Une bibliothèque sans livre : le Texas franchit le pas
Une bibliothèque sans livre. L'idée est saugrenue. elle amuserait peut-être les surréalistes. Une bibliothèque sans livre, mais, précisons-le, au Texas. C'est déjà moins surprenant.
Plus sérieusement, la bibliothèque « sans livre » que se propose d'ouvrir le comté de Bexar, à défaut d'être révolutionnaire, présente ceci de singulier qu'elle est pionnière en son genre : ici point de livre papier. Rien que du numérique. Qu'importe, cela fait lurette que les livres ont fui le Texas, si tant ait qu'ils y soient jamais venus, s'exclamera le cynique.
Il s'agirait de la première bibliothèque municipale à bannir le papier de ses rayons. La démarche n'est pas neuve, une poignée d'universités américaines avait d'ores et déjà franchi le pas. Quid des ouvrages jetés sur le trottoir ? La tristesse nous serre le cœur.
Emprunts de liseuses (une centaine), consultations d'écrits sur ordinateurs (une cinquantaine), tels seront les services prodigués par l'établissement. Les responsables du projet espèrent se doter d'une collection forte de dix mille ouvrages, sans compter la venue prochaine de vidéos et musiques numérisées.
Selon l'instigateur du projet, Richard Wolff, « le monde change et c'est le moyen le plus efficace de rendre service à notre communauté ». Quant à l'aspect des locaux, on s'en réfère aux inébranlables déités : « si vous avez envie de savoir à quoi cela pourrait ressembler, allez dans un apple store », poursuit-il. Allons bon. Naturellement, des raisons d'ordre financier viennent s'ajouter à ces considérations modernistes : le support papier tend à devenir un luxe.
Là où les techniques nouvelles isolent plus qu'elles ne réunissent, favorisant le plus souvent l'action à distance (achats, communication, diffusion du savoir), l'introduction du tout numérique n'entrave nullement ici les rapports humains. Elle s'inscrit dans la continuité d'une pratique millénaire et ô combien nécessaire, le rassemblement dans un lieu dévolu au savoir et où le silence est de rigueur. Force est d'admettre que la technologie est encore impuissante à susciter de telles conditions de recueillement. Mais il y a mieux : l'effeuillage des bibliothèques laisse augurer d'un doublement des capacité d'accueil.

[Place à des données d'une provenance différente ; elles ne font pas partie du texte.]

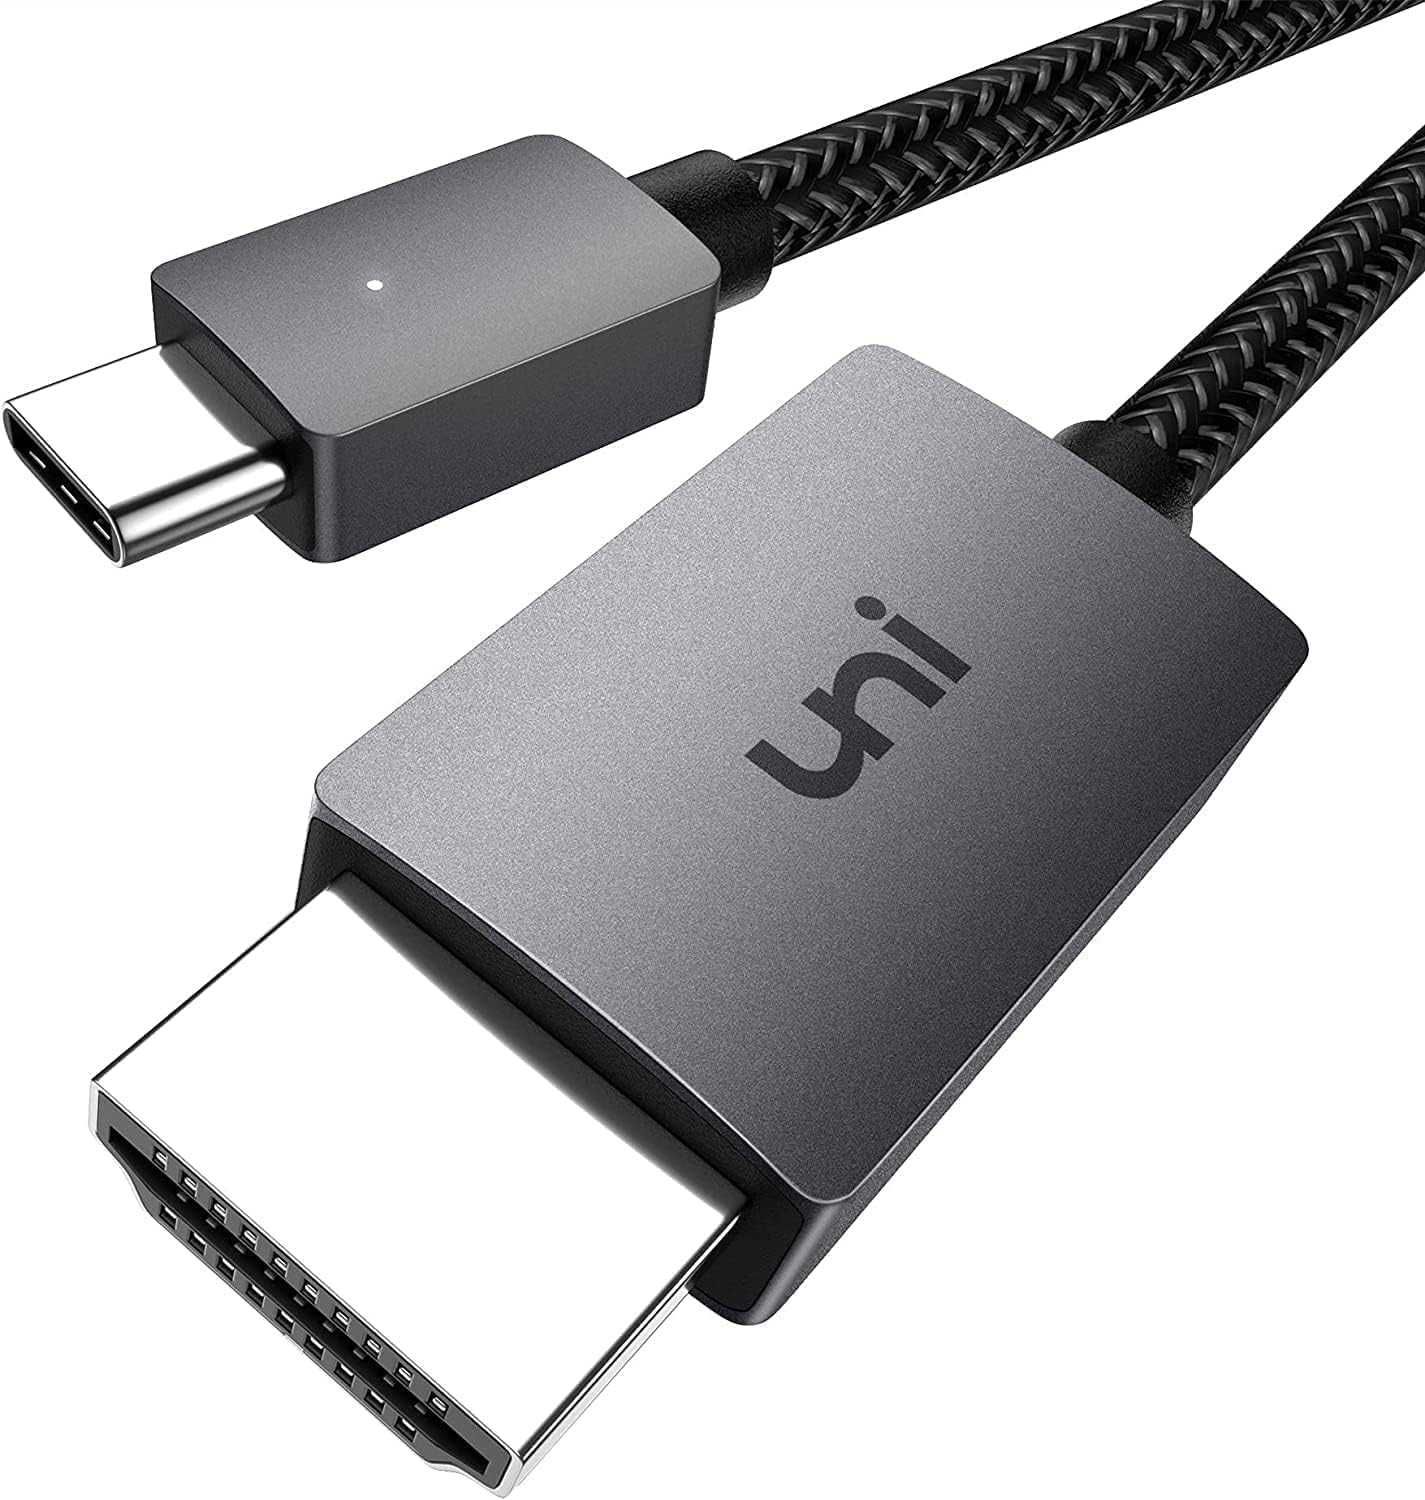 UNI Kabel USB C do HDMI 4K 1.8 m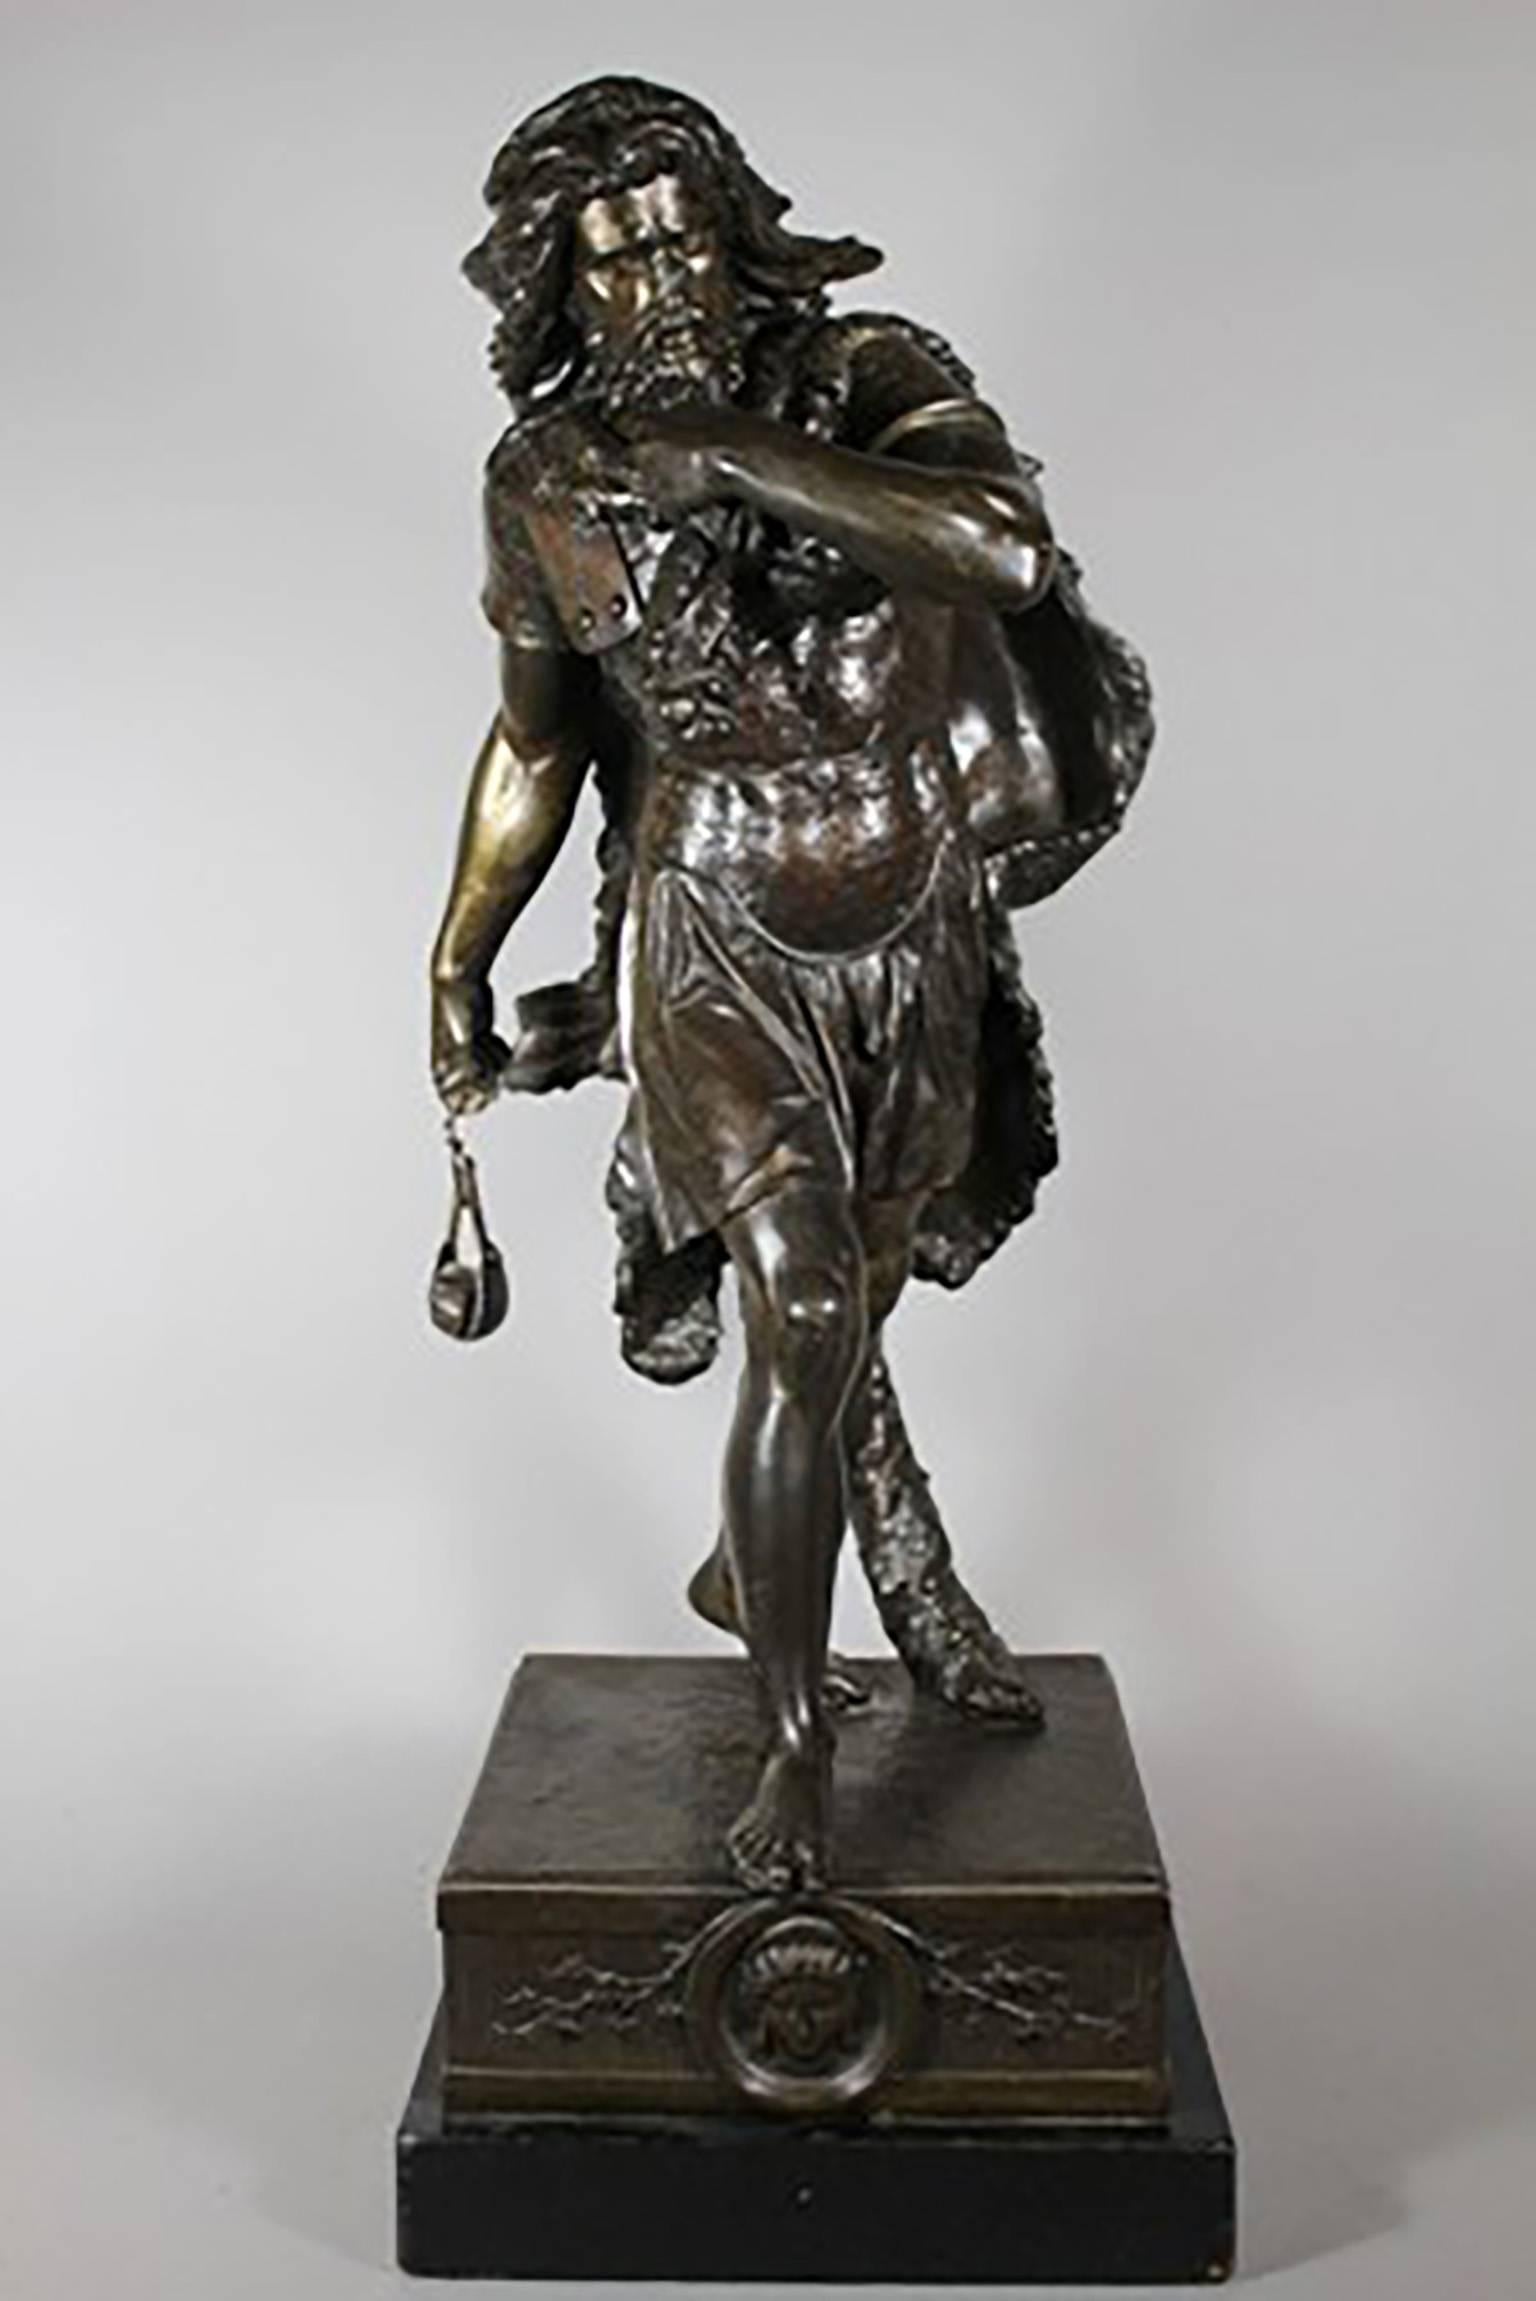 Unknown Figurative Sculpture - Large Bronze Sculpture of David slaying Goliath

Serait-ce la fin de ces interminables queues qui donnaient à nos bibliothèques de faux airs de nightclubs ? Souhaitons-le, rien n'est plus mortel que de faire la queue pour étudier.
Dernière chose notable, le projet a été baptisé « BiblioTech » : à l'heure où les puristes de la langue française s'irritent de l'anglicisation rampante du Français, voici que les américains délaissent le terme « library » pour un proche cousin du notre. Un « one shot », me direz-vous. Probable.